• _TASK STATEMENT_
Would you copy the listing below exactly, keeping the pictures out?

• _PROVIDED DATA_

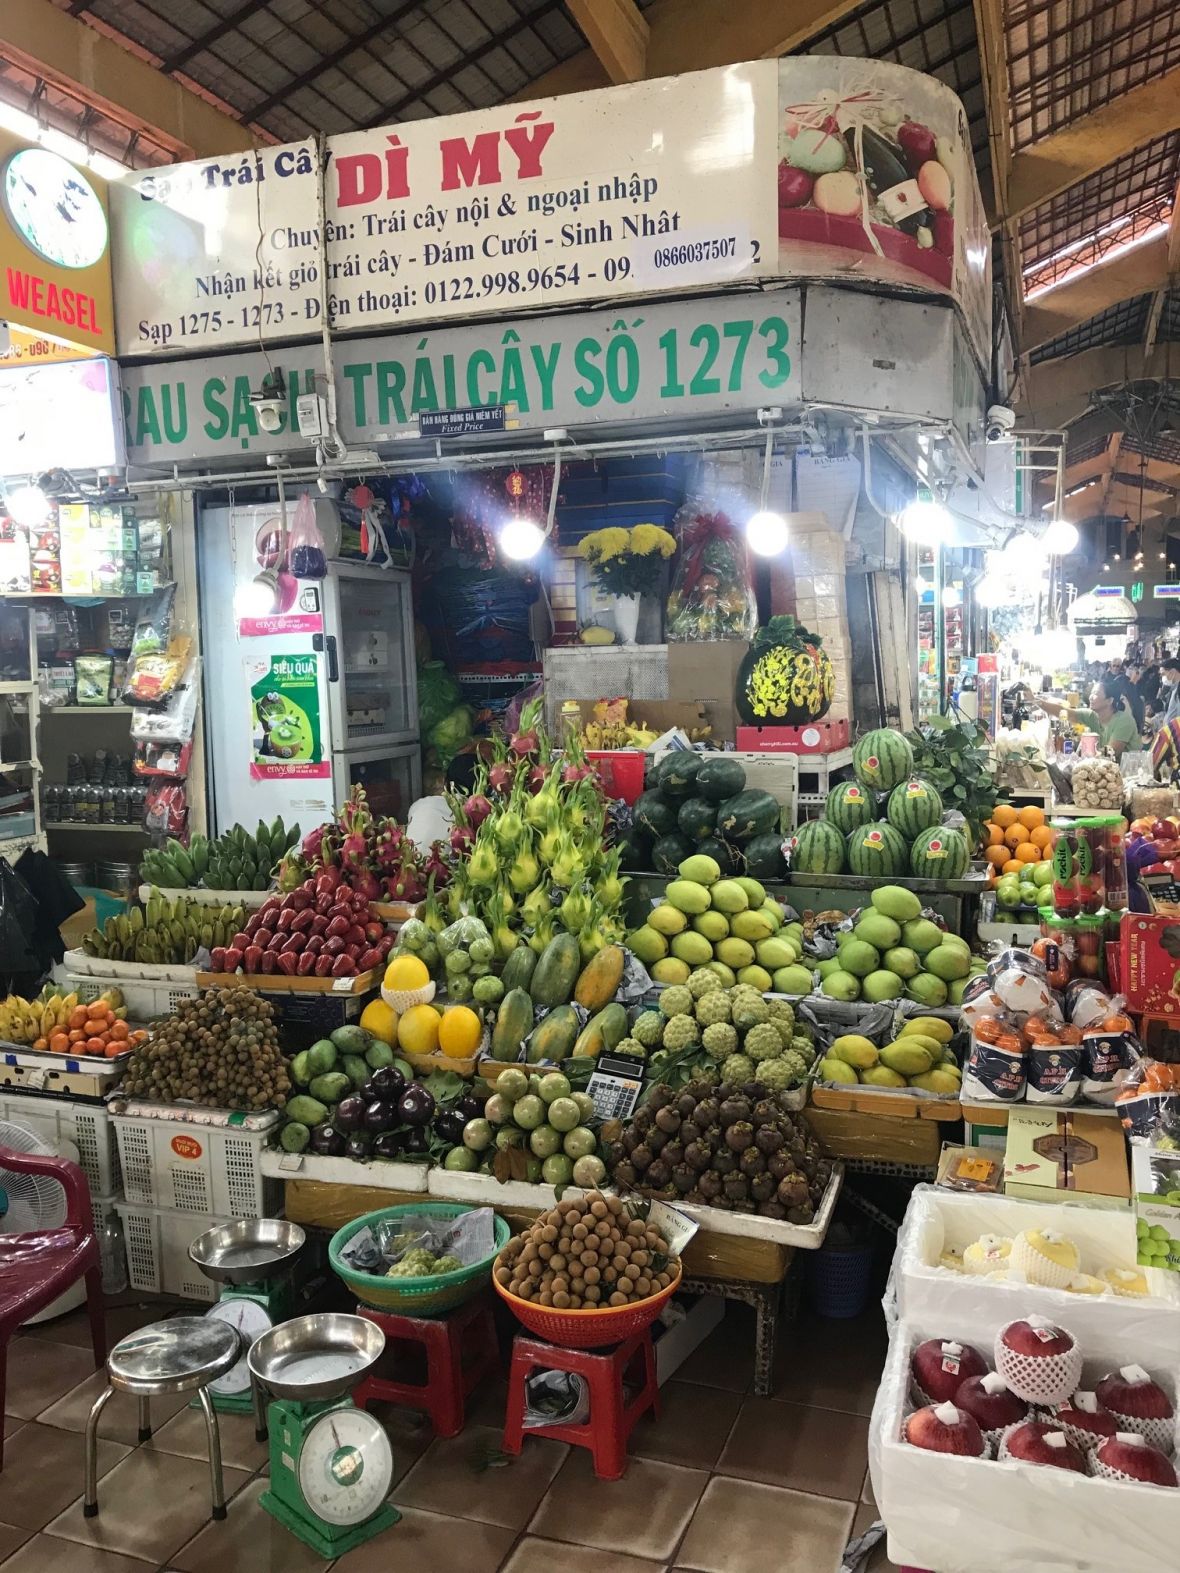 Ben Thanh market in Vietnam
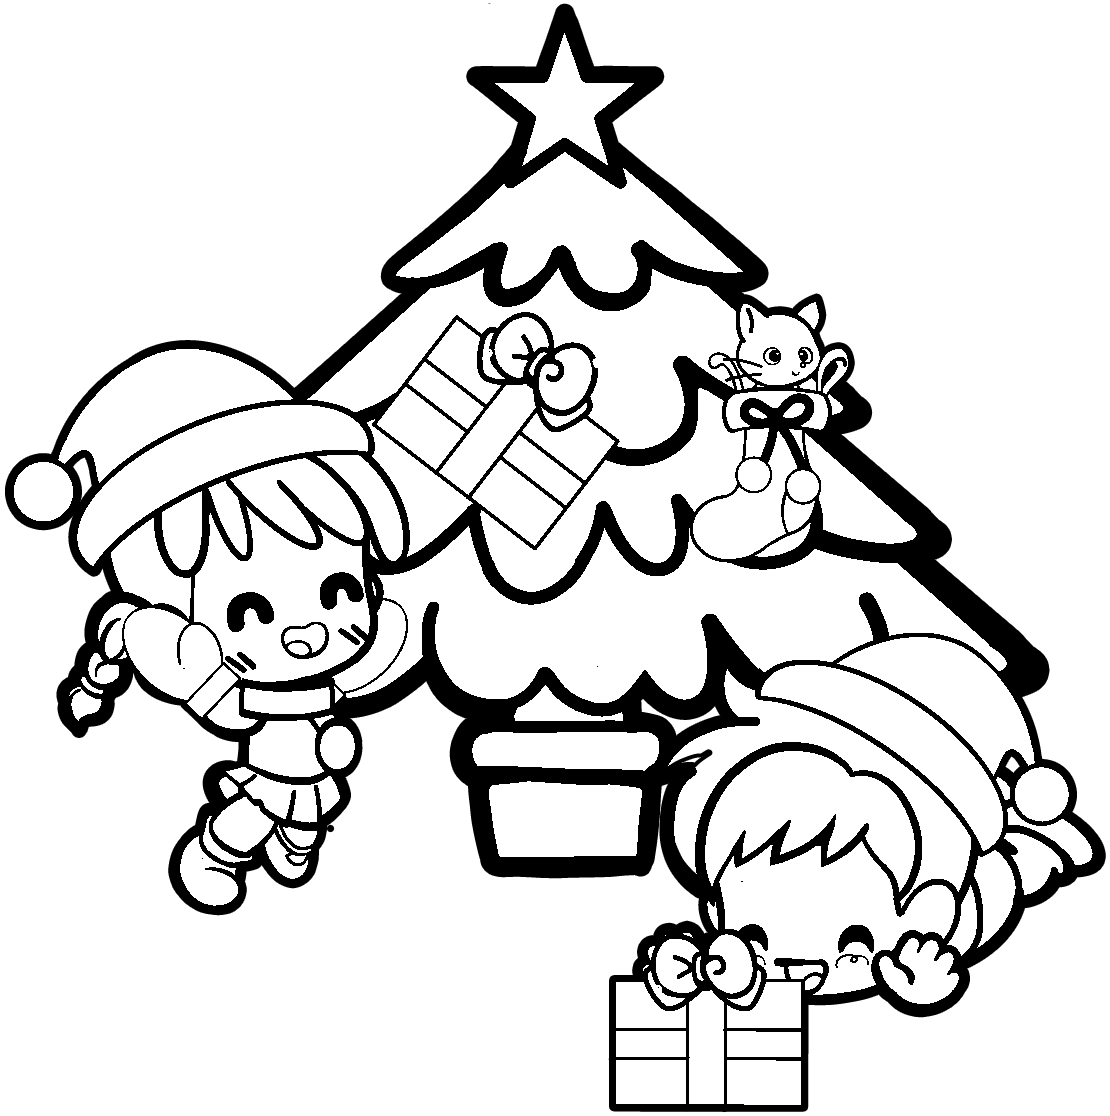 クリスマスにプレゼントをもらって喜ぶ子どもたちの白黒イラスト
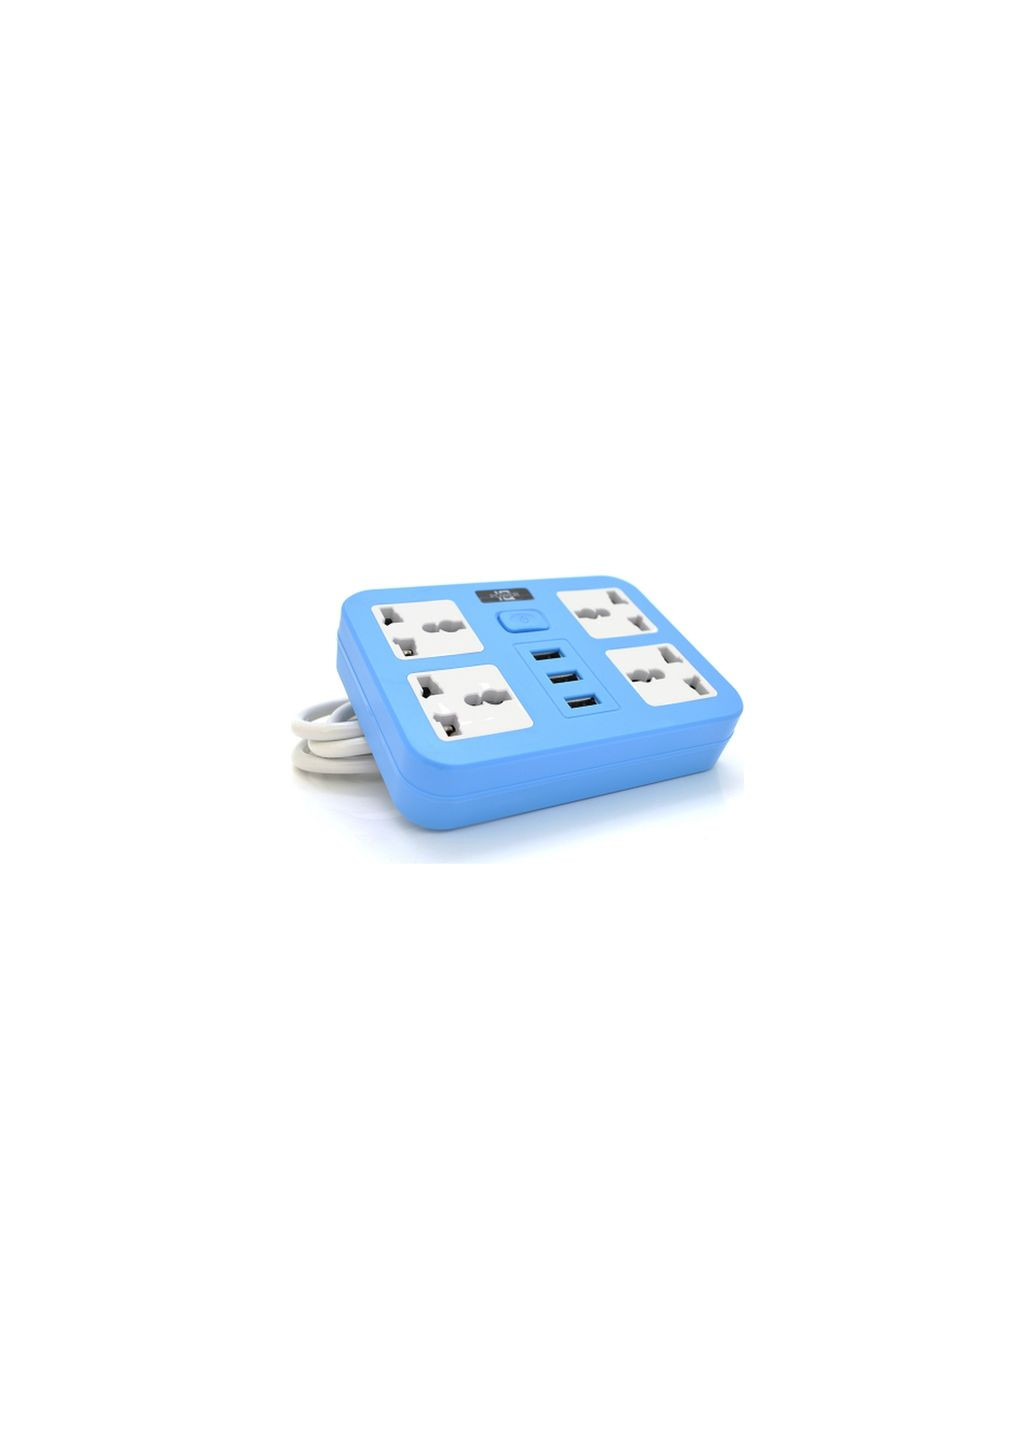 Мережевий фільтр живлення TВТ15, 4роз, 3*USB Blue (ТВ-Т15-Blue) Voltronic tв-т15, 4роз, 3*usb blue (268144384)

• _TASK RESULT_
 Ben Thanh market in Vietnam
 クリスマスにプレゼントをもらって喜ぶ子どもたちの白黒イラスト
 Мережевий фільтр живлення TВТ15, 4роз, 3*USB Blue (ТВ-Т15-Blue) Voltronic tв-т15, 4роз, 3*usb blue (268144384)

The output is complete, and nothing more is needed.